• Dataset extract
- - -
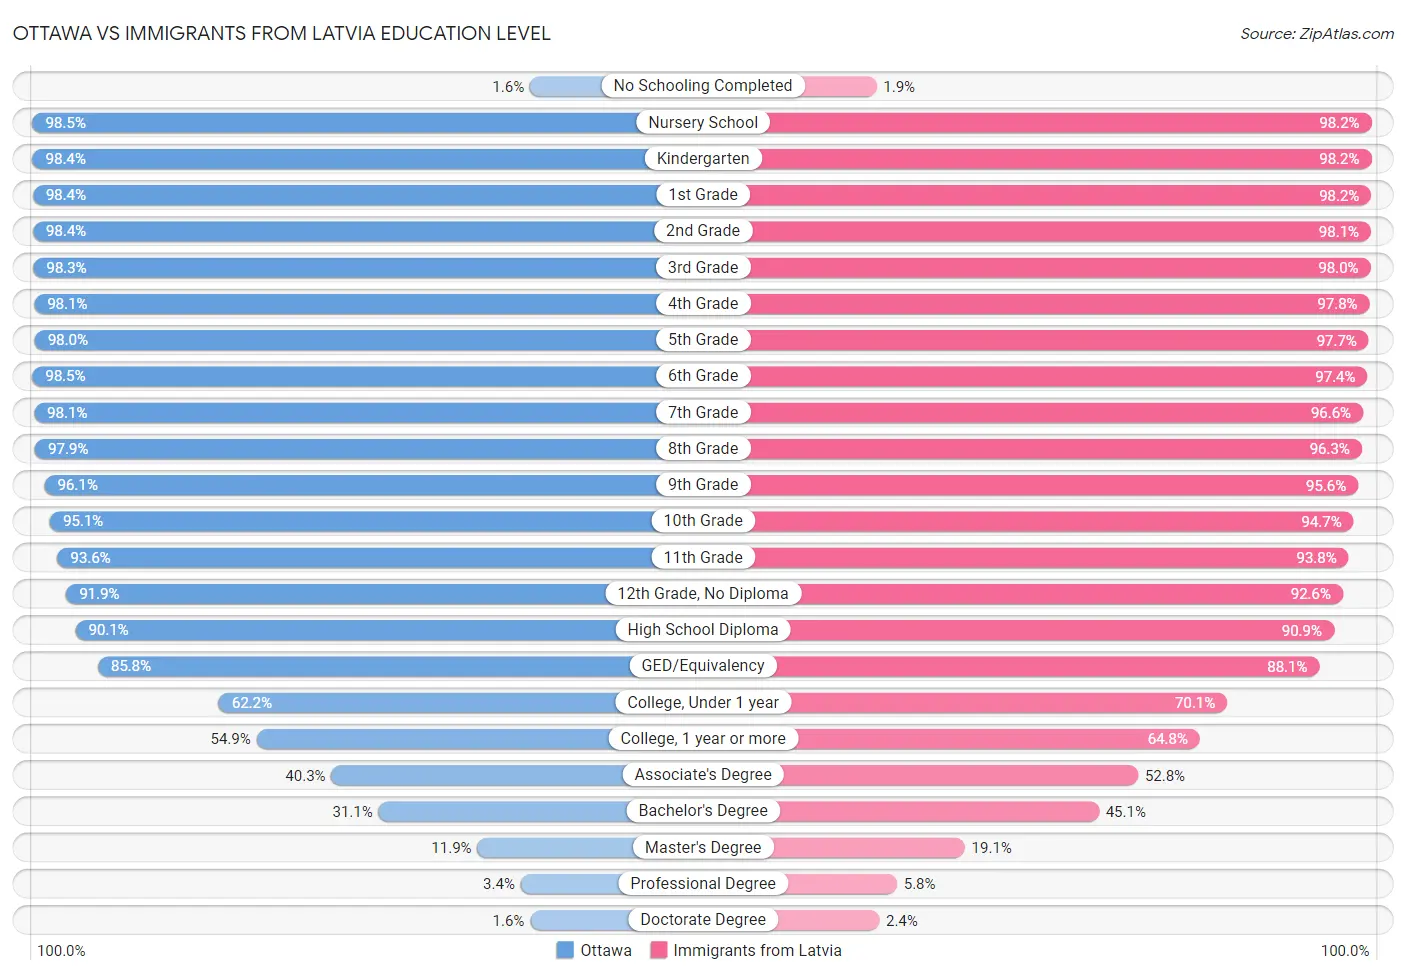 Ottawa vs Immigrants from Latvia Education Level
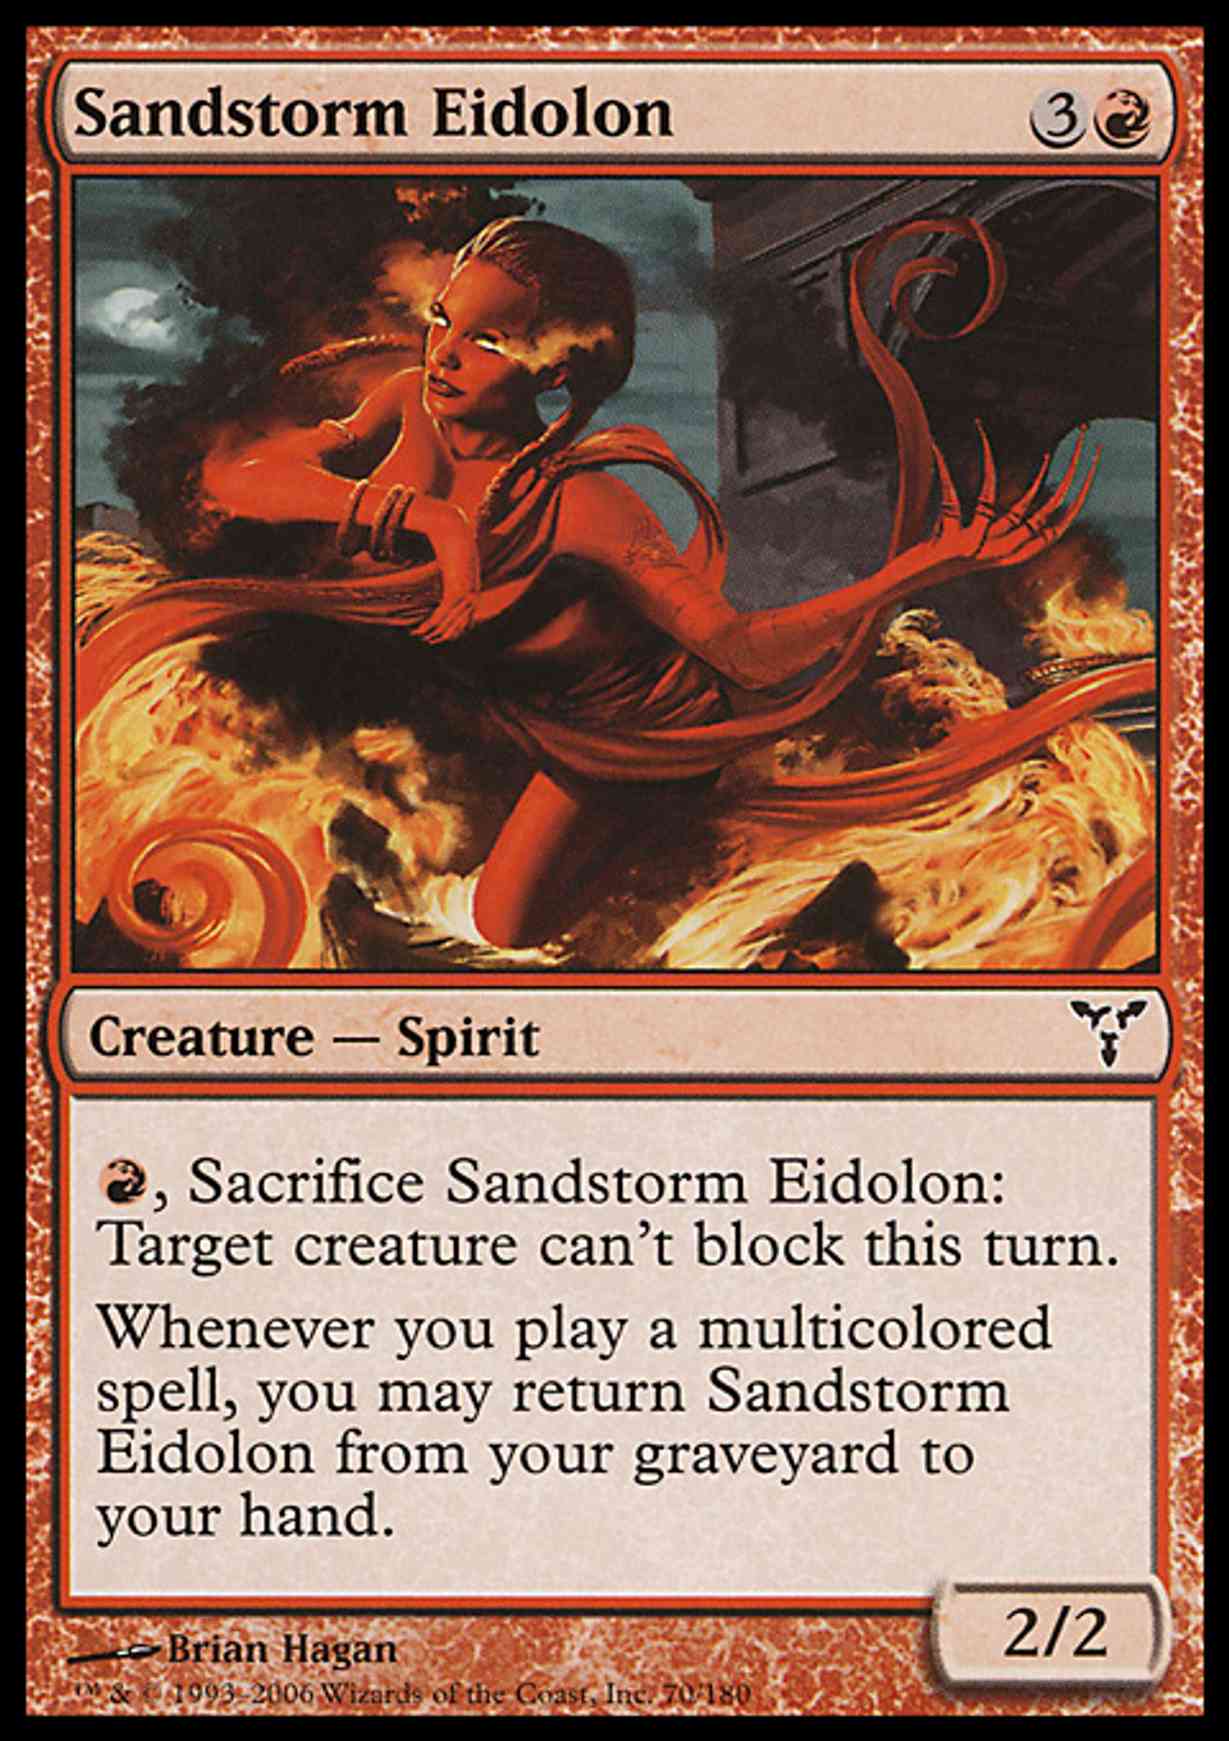 Sandstorm Eidolon magic card front
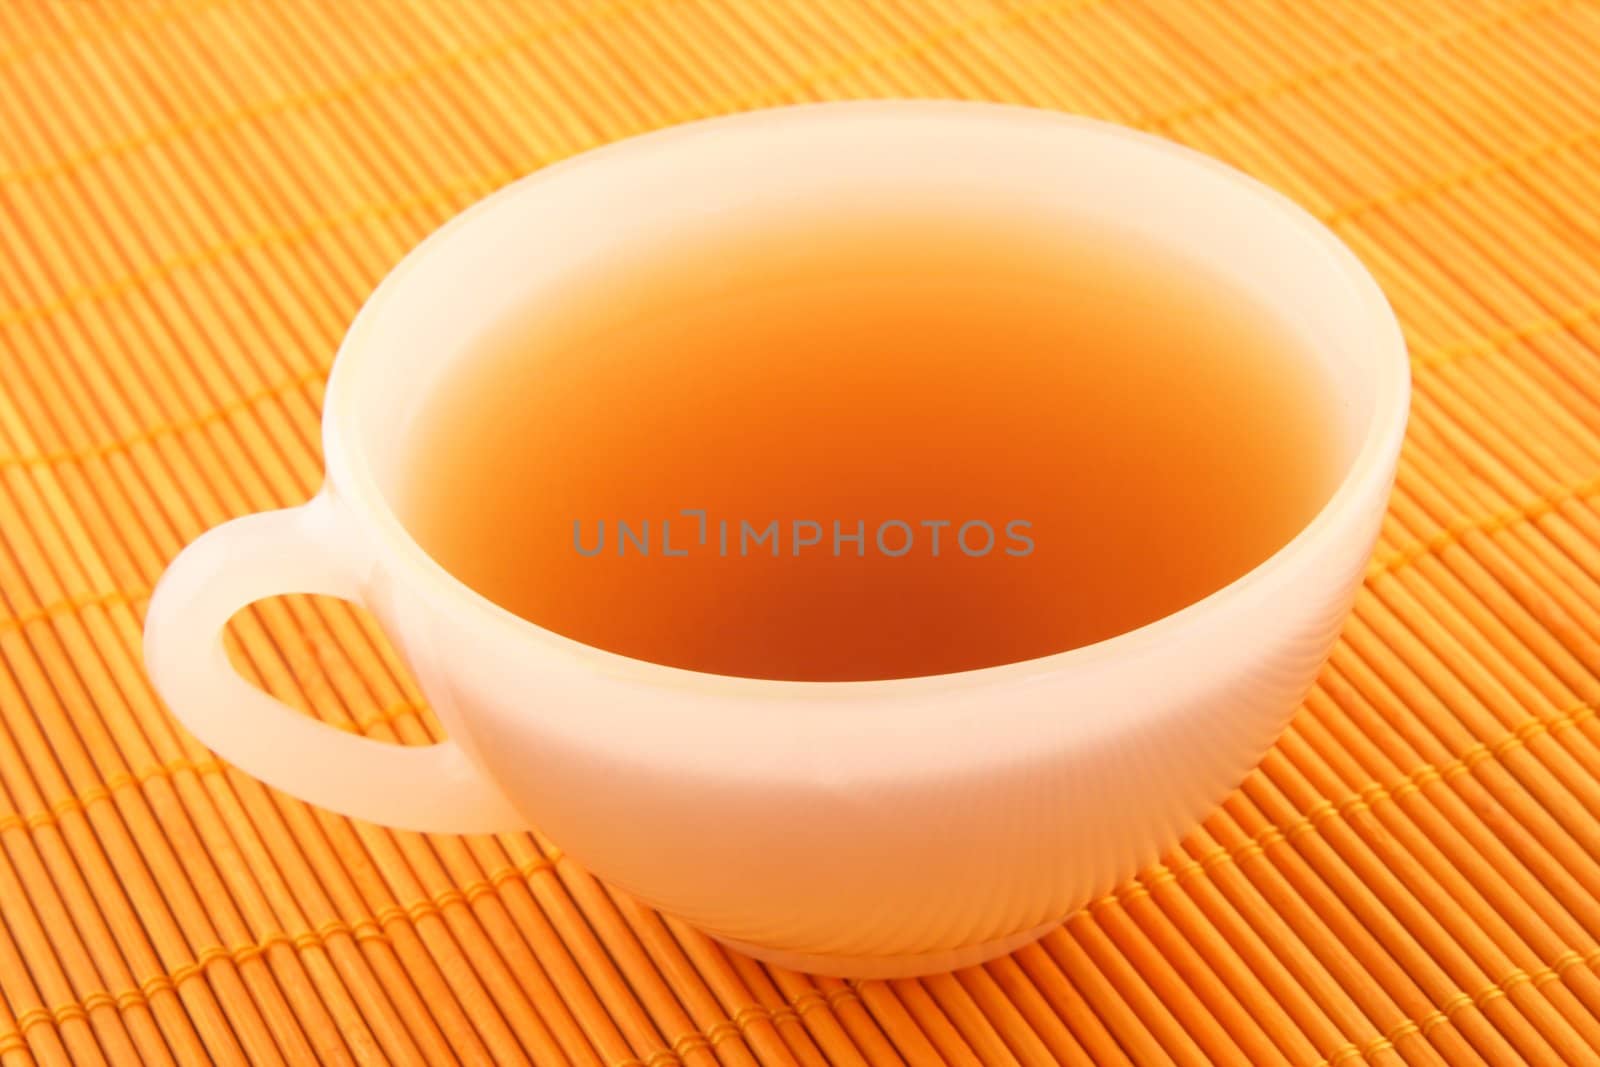 Cup of tea on a rattan mat in warm golden light.
- - -
• Requirement
Please print exactly the lines from the one holding "Sandstorm Eidolon magic card front" through the final line of the data above, including both, and skip all pictures.

• Answer space
 Sandstorm Eidolon magic card front
 Cup of tea on a rattan mat in warm golden light.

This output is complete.